Supplied data:
++++++++++
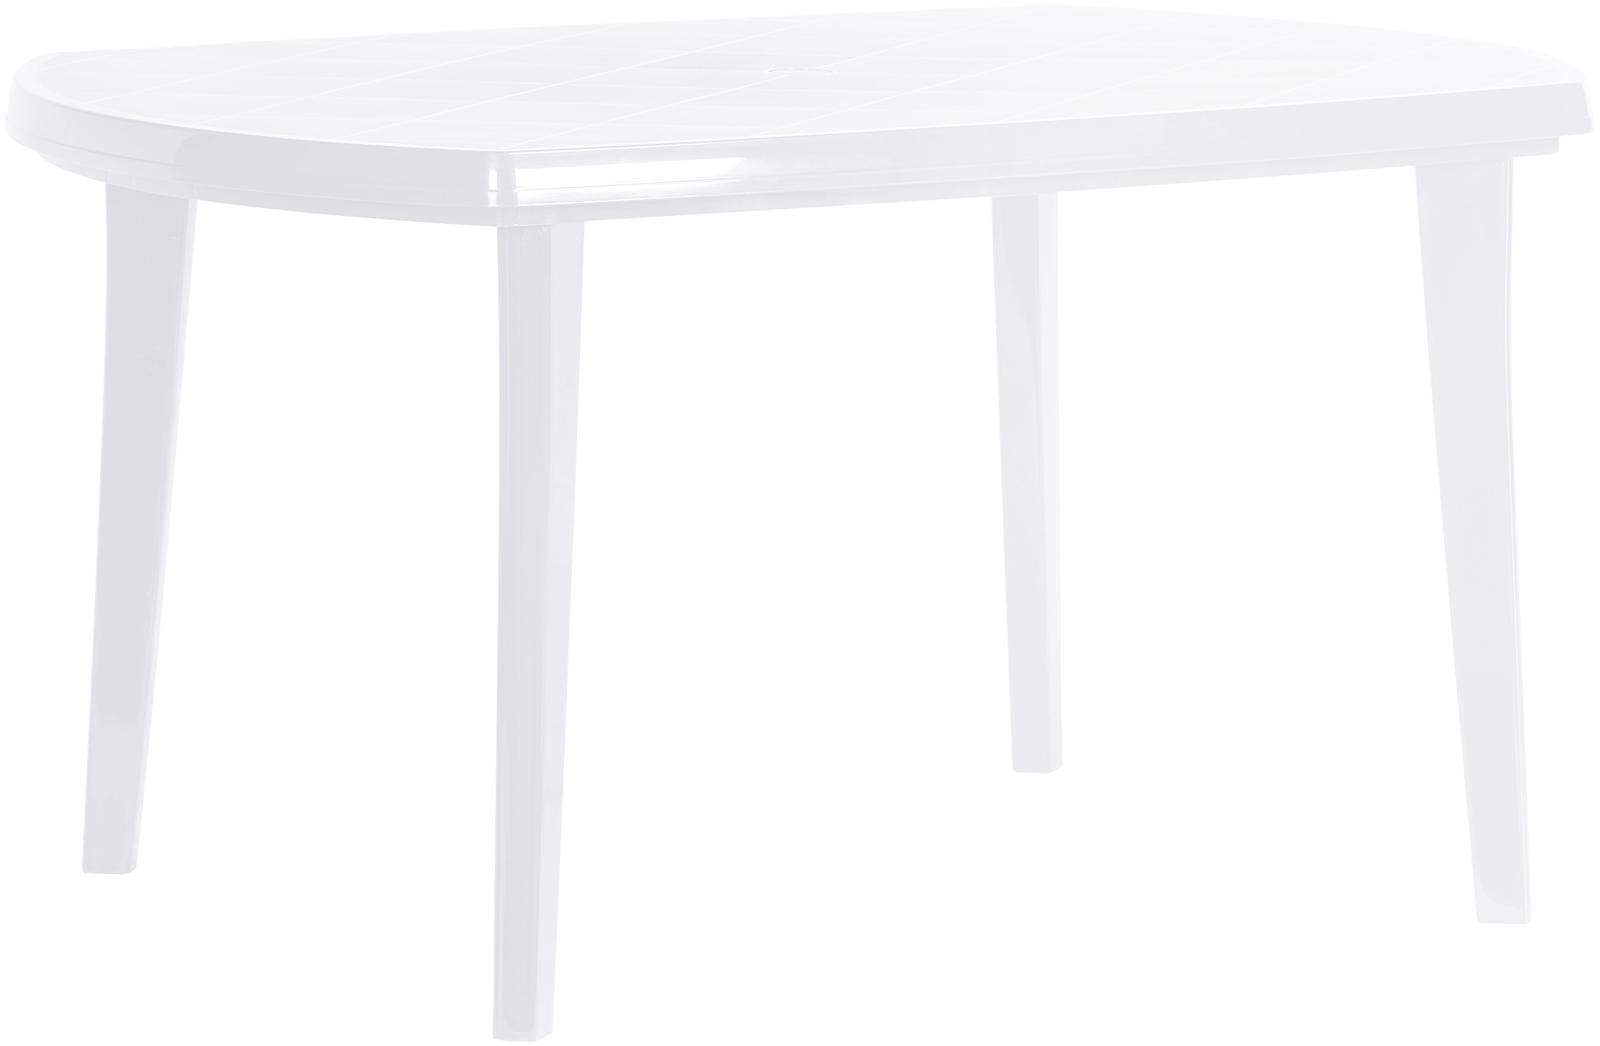 Záhradný stôl - Allibert - Elise white
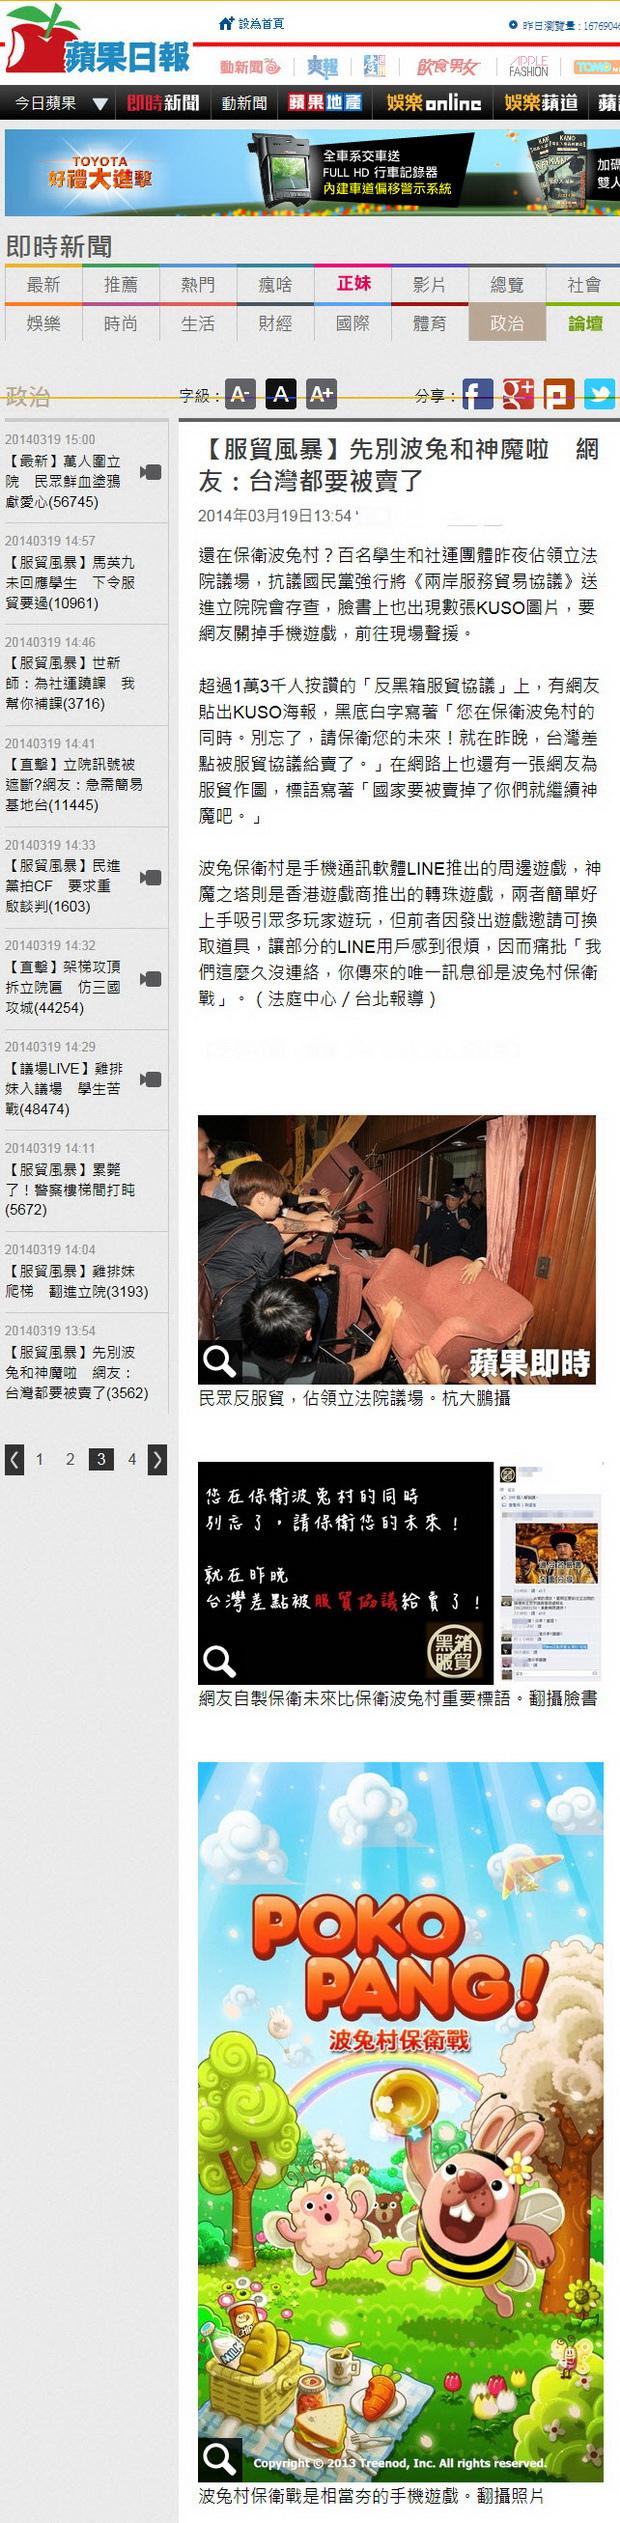 【服貿風暴】先別波兔和神魔啦網友:台灣都要被賣了-2014.03.19.jpg
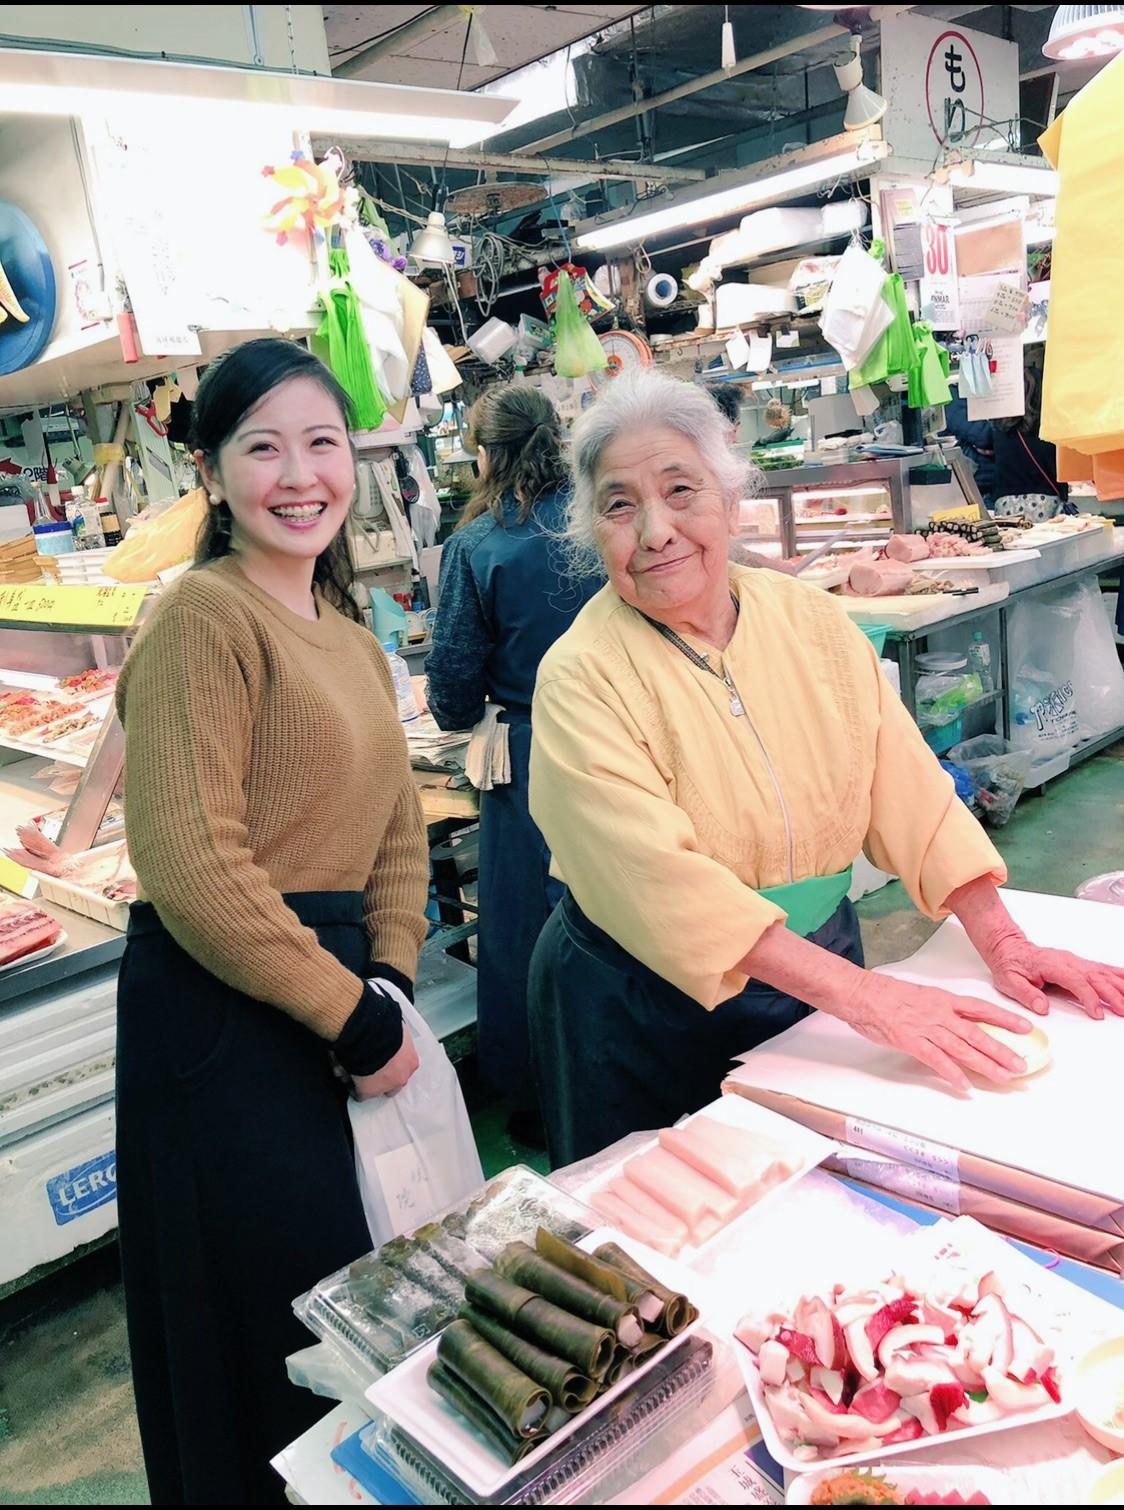 昨年の年末、旧市場を訪れた際の写真
++++++++++
Reproduce the listing word for word, but keep the pictures out of it.

 Záhradný stôl - Allibert - Elise white
 【服貿風暴】先別波兔和神魔啦網友:台灣都要被賣了-2014.03.19.jpg
 昨年の年末、旧市場を訪れた際の写真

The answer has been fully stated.